The problem involves: first, a prevention of industrial accidents, attended as they are with great losses of productive power; and second, the devising of some legal measure to compensate the injured and innocent party for his loss.  J. O. McKinsey 1910

This “Industrial Revolution” movement has done far more than shower upon us a series of “great inventions” or bless mankind with a new technique. Appearing gradually and working indirectly it has affected our whole world of thought, of action and of institutions; it has modified our economics, our politics, our ethics, and even our religion; it has changed in nature, number, and form our baffling problems; it has written itself large in our culture. In view of its many-sidedness and the gradual way in which it has effected and is still effecting its changes, it seems amiss either to call it “industrial” or to refer to it as a “revolution.”

We look in vain for its beginnings. We know that early medievalism could have given us nothing which, even erroneously, could be called an “industrial revolution.” Before it could appear the mediaeval scheme of values had to be transformed. Desires for earthly things had to be freed from their unethical taint; a wholesome respect for the world had to be built up; man had to acquire greater reverence for his own powers and functions; people had to learn to conform to the things of this world if they would transform it. This change in the attitude toward life and its problems was intimately associated with several other lines of development.
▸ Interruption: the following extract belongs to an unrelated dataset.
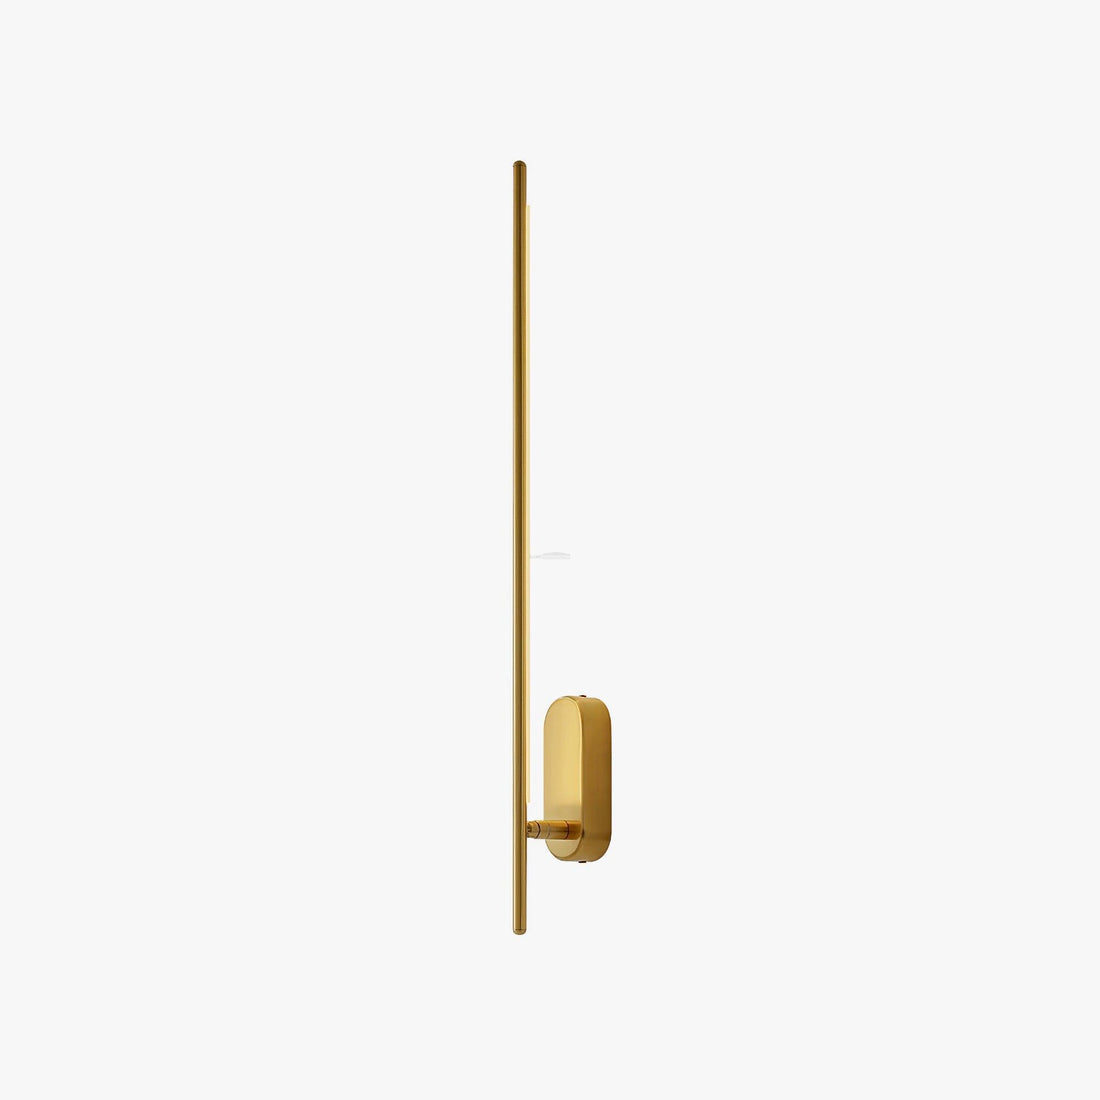 Stick Shaped Metal Wall Sconce

The course of the “revolution” has been as comprehensive as its antecedents. The changes in technique are most clearly appreciated. Even here the tendency toward a “machine-process” embracing a large part of the industrial system is generally overlooked as is also the seemingly antagonistic fact that up to the present the conquest of the older system by the machine has been partial and incomplete. On the economic side, the increasing importance of capital, the rise of the “factory system,” the disappearance of “domestic industry,” the trend toward large-scale production, the separation of the laborer from the “tools of his trade,” and increasing class differentiation based upon differences in industrial functions are most clearly seen.

These aspects of the movement raise the questions of artificially controlling the tendencies inherent in the development of the machine-system, the determination of the size of the industrial entity, the social control of large aggregates of wealth such as railroads and capitalistic monopolies, the elimination of economic insecurity which alike attends labor and capital, the equities of the distribution of wealth, and the urban enigmas of overcrowding, housing, sanitation, vice, and poverty.

They reveal, too, just over the horizon the more ominous questions of property, inheritance, and the reconstruction of industrial society. The questions reveal but a single aspect of the influence of the Industrial Revolution. Political, ethical, religious, and social questions have all been involved in the general transformation of life and values. In many cases they are inseparably connected with economic problems. For instance, when the machine took over the work of the home, the latter became a new institution.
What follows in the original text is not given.